#### Problem to work on:
The task calls for each record to be given again exactly.

──────── Data shown ────────

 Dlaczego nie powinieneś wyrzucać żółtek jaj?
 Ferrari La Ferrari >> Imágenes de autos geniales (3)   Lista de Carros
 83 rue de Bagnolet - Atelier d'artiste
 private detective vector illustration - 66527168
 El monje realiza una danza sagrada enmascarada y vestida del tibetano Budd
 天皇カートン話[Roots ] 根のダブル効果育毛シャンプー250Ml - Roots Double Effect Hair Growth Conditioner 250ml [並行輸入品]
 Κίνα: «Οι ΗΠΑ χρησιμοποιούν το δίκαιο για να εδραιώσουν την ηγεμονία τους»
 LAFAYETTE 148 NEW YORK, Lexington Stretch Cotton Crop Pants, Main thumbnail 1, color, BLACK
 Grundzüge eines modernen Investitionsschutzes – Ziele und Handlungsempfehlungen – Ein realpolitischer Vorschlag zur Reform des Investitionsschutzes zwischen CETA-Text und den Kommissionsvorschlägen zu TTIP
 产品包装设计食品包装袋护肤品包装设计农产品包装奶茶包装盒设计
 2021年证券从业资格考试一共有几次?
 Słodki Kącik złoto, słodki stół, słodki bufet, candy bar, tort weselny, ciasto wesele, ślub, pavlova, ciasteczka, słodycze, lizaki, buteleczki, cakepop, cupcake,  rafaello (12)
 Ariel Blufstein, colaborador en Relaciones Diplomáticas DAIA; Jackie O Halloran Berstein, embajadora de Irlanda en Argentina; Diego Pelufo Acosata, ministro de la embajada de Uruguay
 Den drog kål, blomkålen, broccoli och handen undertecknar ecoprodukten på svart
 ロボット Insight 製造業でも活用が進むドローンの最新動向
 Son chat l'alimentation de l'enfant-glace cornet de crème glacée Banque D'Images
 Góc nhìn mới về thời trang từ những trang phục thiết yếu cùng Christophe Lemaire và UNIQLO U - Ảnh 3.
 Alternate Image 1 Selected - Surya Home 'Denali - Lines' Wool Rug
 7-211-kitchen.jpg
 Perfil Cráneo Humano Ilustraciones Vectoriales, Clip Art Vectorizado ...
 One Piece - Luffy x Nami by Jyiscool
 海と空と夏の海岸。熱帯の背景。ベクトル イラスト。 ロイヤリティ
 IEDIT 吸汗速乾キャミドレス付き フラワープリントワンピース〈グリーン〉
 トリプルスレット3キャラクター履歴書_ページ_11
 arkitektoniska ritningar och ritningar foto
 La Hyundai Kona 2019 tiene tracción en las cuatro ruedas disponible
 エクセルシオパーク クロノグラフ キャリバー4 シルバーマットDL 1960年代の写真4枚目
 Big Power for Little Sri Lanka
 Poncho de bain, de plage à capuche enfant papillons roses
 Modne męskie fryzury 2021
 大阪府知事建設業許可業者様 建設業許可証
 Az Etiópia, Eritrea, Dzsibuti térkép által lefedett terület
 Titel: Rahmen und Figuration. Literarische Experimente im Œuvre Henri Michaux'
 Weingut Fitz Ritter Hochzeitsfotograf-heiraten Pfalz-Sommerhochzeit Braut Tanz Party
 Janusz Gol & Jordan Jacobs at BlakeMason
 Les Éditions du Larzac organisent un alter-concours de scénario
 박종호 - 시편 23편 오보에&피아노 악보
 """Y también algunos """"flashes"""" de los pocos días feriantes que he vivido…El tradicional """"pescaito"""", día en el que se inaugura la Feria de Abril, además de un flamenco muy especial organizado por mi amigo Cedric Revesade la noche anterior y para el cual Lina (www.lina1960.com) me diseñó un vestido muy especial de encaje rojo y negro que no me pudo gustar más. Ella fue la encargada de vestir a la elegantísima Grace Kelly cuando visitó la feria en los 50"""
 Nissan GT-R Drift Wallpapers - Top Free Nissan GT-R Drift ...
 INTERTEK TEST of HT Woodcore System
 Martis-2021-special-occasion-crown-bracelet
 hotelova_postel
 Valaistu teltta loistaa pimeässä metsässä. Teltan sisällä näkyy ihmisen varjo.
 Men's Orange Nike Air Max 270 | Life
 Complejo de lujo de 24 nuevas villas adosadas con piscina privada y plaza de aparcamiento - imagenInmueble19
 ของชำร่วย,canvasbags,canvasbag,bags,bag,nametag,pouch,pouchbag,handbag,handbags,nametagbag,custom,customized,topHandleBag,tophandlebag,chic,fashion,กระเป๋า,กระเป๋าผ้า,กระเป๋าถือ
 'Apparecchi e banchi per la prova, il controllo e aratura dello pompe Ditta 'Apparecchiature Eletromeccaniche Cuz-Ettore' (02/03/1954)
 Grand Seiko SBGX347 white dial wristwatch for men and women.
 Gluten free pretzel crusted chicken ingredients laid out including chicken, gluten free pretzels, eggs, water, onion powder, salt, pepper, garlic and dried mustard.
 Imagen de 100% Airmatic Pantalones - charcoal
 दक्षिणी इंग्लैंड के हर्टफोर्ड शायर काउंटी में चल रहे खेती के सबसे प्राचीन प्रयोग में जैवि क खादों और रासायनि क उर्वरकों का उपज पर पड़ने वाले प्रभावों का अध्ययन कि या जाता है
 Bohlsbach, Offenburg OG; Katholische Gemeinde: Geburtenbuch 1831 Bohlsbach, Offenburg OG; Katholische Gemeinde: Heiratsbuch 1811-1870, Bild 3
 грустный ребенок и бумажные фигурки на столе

────────

#### Exercise result:
 Dlaczego nie powinieneś wyrzucać żółtek jaj?
 Ferrari La Ferrari >> Imágenes de autos geniales (3)   Lista de Carros
 83 rue de Bagnolet - Atelier d'artiste
 private detective vector illustration - 66527168
 El monje realiza una danza sagrada enmascarada y vestida del tibetano Budd
 天皇カートン話[Roots ] 根のダブル効果育毛シャンプー250Ml - Roots Double Effect Hair Growth Conditioner 250ml [並行輸入品]
 Κίνα: «Οι ΗΠΑ χρησιμοποιούν το δίκαιο για να εδραιώσουν την ηγεμονία τους»
 LAFAYETTE 148 NEW YORK, Lexington Stretch Cotton Crop Pants, Main thumbnail 1, color, BLACK
 Grundzüge eines modernen Investitionsschutzes – Ziele und Handlungsempfehlungen – Ein realpolitischer Vorschlag zur Reform des Investitionsschutzes zwischen CETA-Text und den Kommissionsvorschlägen zu TTIP
 产品包装设计食品包装袋护肤品包装设计农产品包装奶茶包装盒设计
 2021年证券从业资格考试一共有几次?
 Słodki Kącik złoto, słodki stół, słodki bufet, candy bar, tort weselny, ciasto wesele, ślub, pavlova, ciasteczka, słodycze, lizaki, buteleczki, cakepop, cupcake,  rafaello (12)
 Ariel Blufstein, colaborador en Relaciones Diplomáticas DAIA; Jackie O Halloran Berstein, embajadora de Irlanda en Argentina; Diego Pelufo Acosata, ministro de la embajada de Uruguay
 Den drog kål, blomkålen, broccoli och handen undertecknar ecoprodukten på svart
 ロボット Insight 製造業でも活用が進むドローンの最新動向
 Son chat l'alimentation de l'enfant-glace cornet de crème glacée Banque D'Images
 Góc nhìn mới về thời trang từ những trang phục thiết yếu cùng Christophe Lemaire và UNIQLO U - Ảnh 3.
 Alternate Image 1 Selected - Surya Home 'Denali - Lines' Wool Rug
 7-211-kitchen.jpg
 Perfil Cráneo Humano Ilustraciones Vectoriales, Clip Art Vectorizado ...
 One Piece - Luffy x Nami by Jyiscool
 海と空と夏の海岸。熱帯の背景。ベクトル イラスト。 ロイヤリティ
 IEDIT 吸汗速乾キャミドレス付き フラワープリントワンピース〈グリーン〉
 トリプルスレット3キャラクター履歴書_ページ_11
 arkitektoniska ritningar och ritningar foto
 La Hyundai Kona 2019 tiene tracción en las cuatro ruedas disponible
 エクセルシオパーク クロノグラフ キャリバー4 シルバーマットDL 1960年代の写真4枚目
 Big Power for Little Sri Lanka
 Poncho de bain, de plage à capuche enfant papillons roses
 Modne męskie fryzury 2021
 大阪府知事建設業許可業者様 建設業許可証
 Az Etiópia, Eritrea, Dzsibuti térkép által lefedett terület
 Titel: Rahmen und Figuration. Literarische Experimente im Œuvre Henri Michaux'
 Weingut Fitz Ritter Hochzeitsfotograf-heiraten Pfalz-Sommerhochzeit Braut Tanz Party
 Janusz Gol & Jordan Jacobs at BlakeMason
 Les Éditions du Larzac organisent un alter-concours de scénario
 박종호 - 시편 23편 오보에&피아노 악보
 """Y también algunos """"flashes"""" de los pocos días feriantes que he vivido…El tradicional """"pescaito"""", día en el que se inaugura la Feria de Abril, además de un flamenco muy especial organizado por mi amigo Cedric Revesade la noche anterior y para el cual Lina (www.lina1960.com) me diseñó un vestido muy especial de encaje rojo y negro que no me pudo gustar más. Ella fue la encargada de vestir a la elegantísima Grace Kelly cuando visitó la feria en los 50"""
 Nissan GT-R Drift Wallpapers - Top Free Nissan GT-R Drift ...
 INTERTEK TEST of HT Woodcore System
 Martis-2021-special-occasion-crown-bracelet
 hotelova_postel
 Valaistu teltta loistaa pimeässä metsässä. Teltan sisällä näkyy ihmisen varjo.
 Men's Orange Nike Air Max 270 | Life
 Complejo de lujo de 24 nuevas villas adosadas con piscina privada y plaza de aparcamiento - imagenInmueble19
 ของชำร่วย,canvasbags,canvasbag,bags,bag,nametag,pouch,pouchbag,handbag,handbags,nametagbag,custom,customized,topHandleBag,tophandlebag,chic,fashion,กระเป๋า,กระเป๋าผ้า,กระเป๋าถือ
 'Apparecchi e banchi per la prova, il controllo e aratura dello pompe Ditta 'Apparecchiature Eletromeccaniche Cuz-Ettore' (02/03/1954)
 Grand Seiko SBGX347 white dial wristwatch for men and women.
 Gluten free pretzel crusted chicken ingredients laid out including chicken, gluten free pretzels, eggs, water, onion powder, salt, pepper, garlic and dried mustard.
 Imagen de 100% Airmatic Pantalones - charcoal
 दक्षिणी इंग्लैंड के हर्टफोर्ड शायर काउंटी में चल रहे खेती के सबसे प्राचीन प्रयोग में जैवि क खादों और रासायनि क उर्वरकों का उपज पर पड़ने वाले प्रभावों का अध्ययन कि या जाता है
 Bohlsbach, Offenburg OG; Katholische Gemeinde: Geburtenbuch 1831 Bohlsbach, Offenburg OG; Katholische Gemeinde: Heiratsbuch 1811-1870, Bild 3
 грустный ребенок и бумажные фигурки на столе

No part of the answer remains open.